Siempre pensamos que el infierno es un lugar horrible, el resumen de todos los temores
y suplicios condensados en un sitio al que ni google maps nos llevaría pero que visitarán los que, después de la muerte, no puedan alegar haber tenido una vida precisamente ejemplar en este mundo. Desde que éramos críos nos han hablado de ello para infundirnos el susto o para que hagamos lo que otros quieren que hagamos y nosotros obedecemos por si acaso. Pero si quieres que te diga la verdad no se si existe, no se aclaran ni los papas. Aunque, bien pensado puede que un par de personas si hayan vuelto para contarlo, me refiero, por supuesto a Dante y El Bosco, pero bueno, la verdad es que normalmente el que entra ya no sale.
Pero, ¿Y si te dijera que el infierno existe y que para estar en él no hace falta haber muerto? Esa es la realidad que se sufre cada día en algunos países sudamericanos como
El Salvador, Guatemala y Honduras son países que han caído en manos de las Maras, organizaciones que se dedican al crimen salvaje en su máxima expresión, sociedades que han conseguido implantar el infierno en la tierra. Captan niños cada vez más jóvenes que acaban manejando pistolas antes incluso de que puedan aprender a ir en bicicleta. De la Mara no se sale, como mucho te asesinará cualquier miembro de otra banda rival como ejercicio de ingreso o incluso cualquier compañero tuyo aunque sea “para matar el rato”. Estamos hablando de la violencia como forma de vida, sin razón, a manos de seres que una vez fueron personas y que al acabar tatuados hasta el último centímetro de su piel con los símbolos de su clan se transforman en diablos a las órdenes de otros que son los que les sacarán el jugo hasta que no les sean útiles y ordenen su ejecución.
Cuando la violencia ha ocupado todo en una sociedad la vida se vuelve imposible y es por eso por lo que muchas personas huyen de una guerra invisible que es tan o incluso
más cruel que las declaradas. La situación es tan grave como que se calcula que un 50% de los centroamericanos huyen de la violencia. Son tantos los que emigran como que Médicos Sin Fronteras estima que unas 500.000 personas abandonan sus países exponiéndose a morir por el camino (igual que sucede a diario en el cementerio de la vergüenza que antes llamábamos Mediterráneo) o ser deportados por Estados Unidos cuando sin que importe a nadie que en 2016, según la ONU, hasta 64.000 niños cruzaron solos la frontera entre México y Estados Unidos.

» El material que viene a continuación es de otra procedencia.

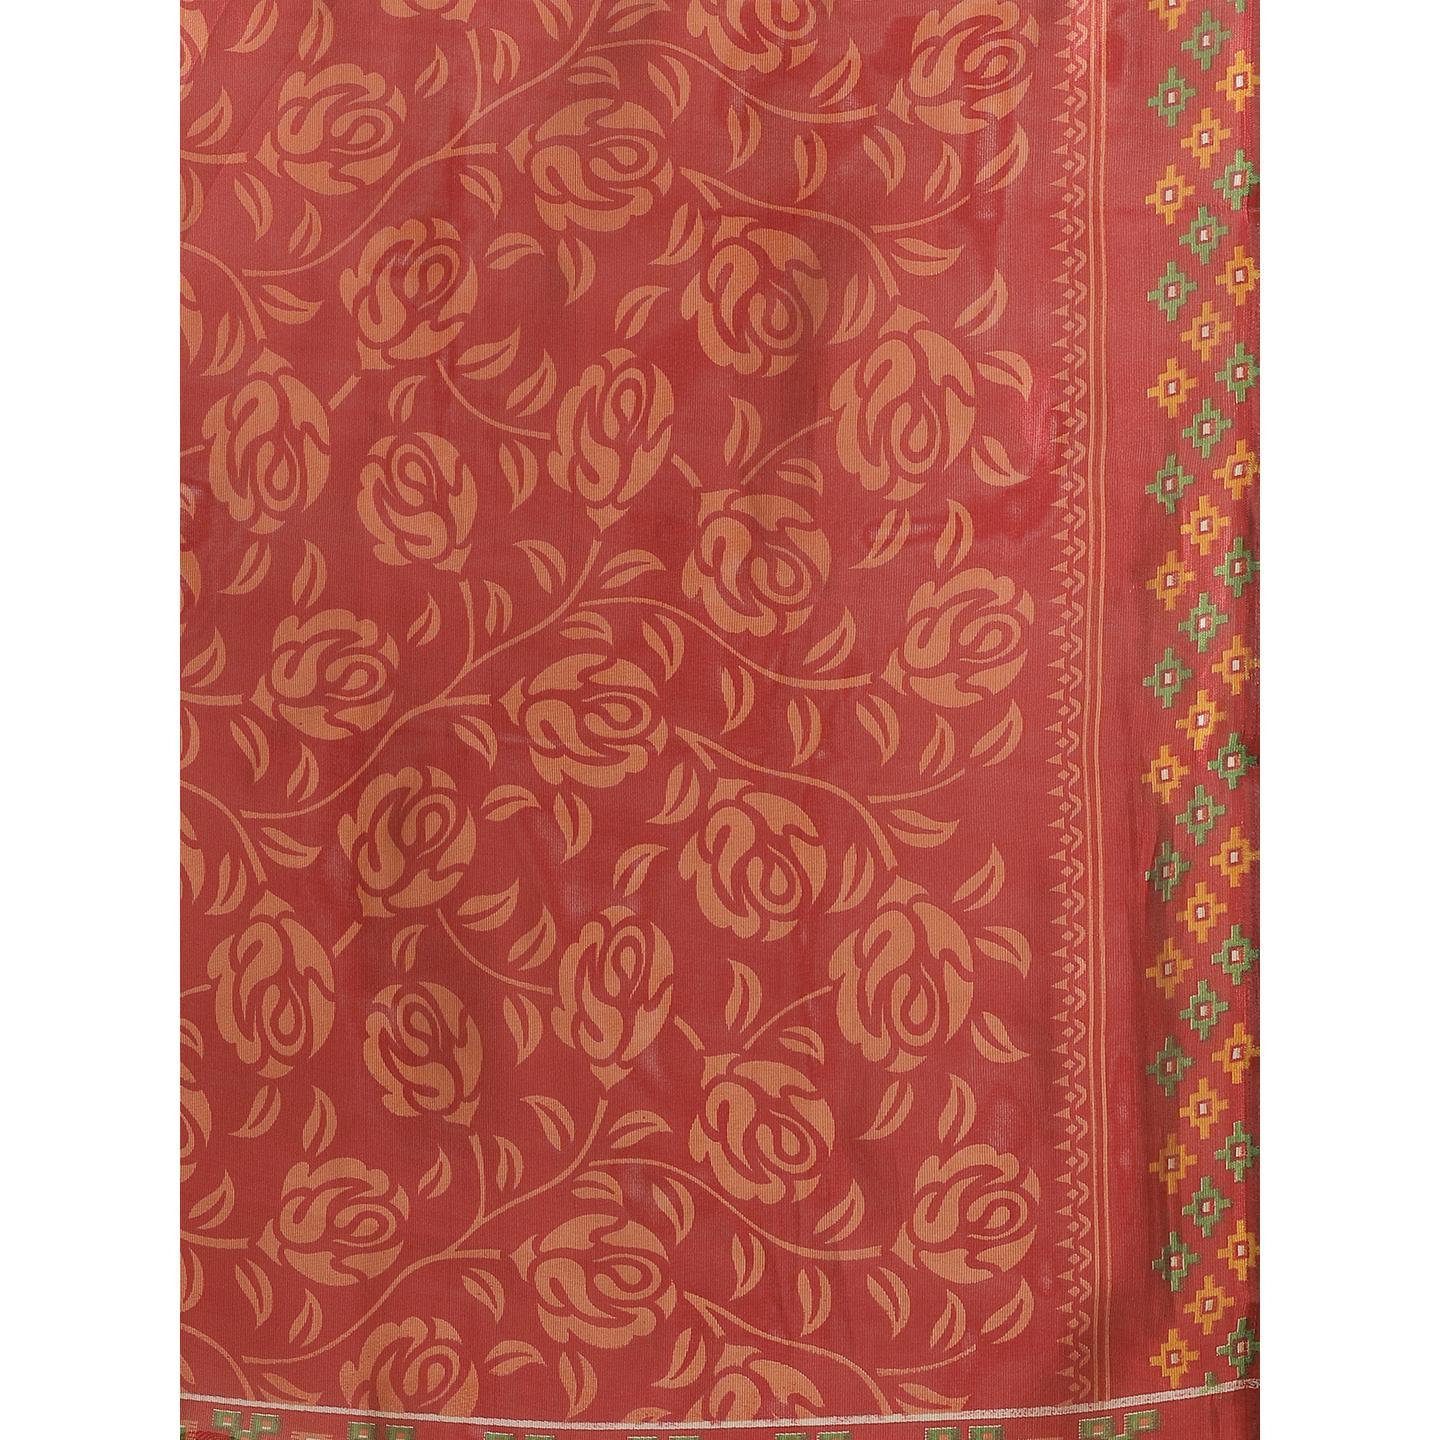 Preferable Red Colored Casual Wear Printed Lichi Silk Saree - Peachmode

Niños que caerán en manos de las políticas enloquecidas de Trump, lo que no resulta un consuelo precisamente.
En su huida del infierno algunos acaban llamando a nuestras puertas habiendo gastado lo poco que tenían en un billete de avión con el que sueñan comprar una nueva vida en
paz, sólo eso, una vida en paz. Llegarán a España, pedirán asilo y con un poco de suerte serán de los del 25% a los que se les concede la oportunidad de intentar una nueva vida (poco, teniendo en cuenta que la media europea está en el 28%). Aquí intentarán comenzar una nueva vida lejos del terror que se ha insertado en su ADN para siempre porque el miedo de quién ha estado en el infierno no se cura, sólo se esconde hasta que una pintada, una noticia, un tatuaje de alguien por la calle, cualquier cosa, lo resucitará.
Nuestra Policía ya ha detenido a algún enviado del Averno venido con vete tú a saber que misión. Puede que envíen más pero no vamos a importar el terror que ha acabado con la vida de los países donde se ha implantado, donde ser homosexual, negarse a transportar droga o no querer formar parte del grupo son motivos más que suficientes para ser asesinados, sin preguntas, de la forma más sádica y cruel que se pueda imaginar. Es la ley de las Maras, un mundo donde la vida no tiene ningún valor.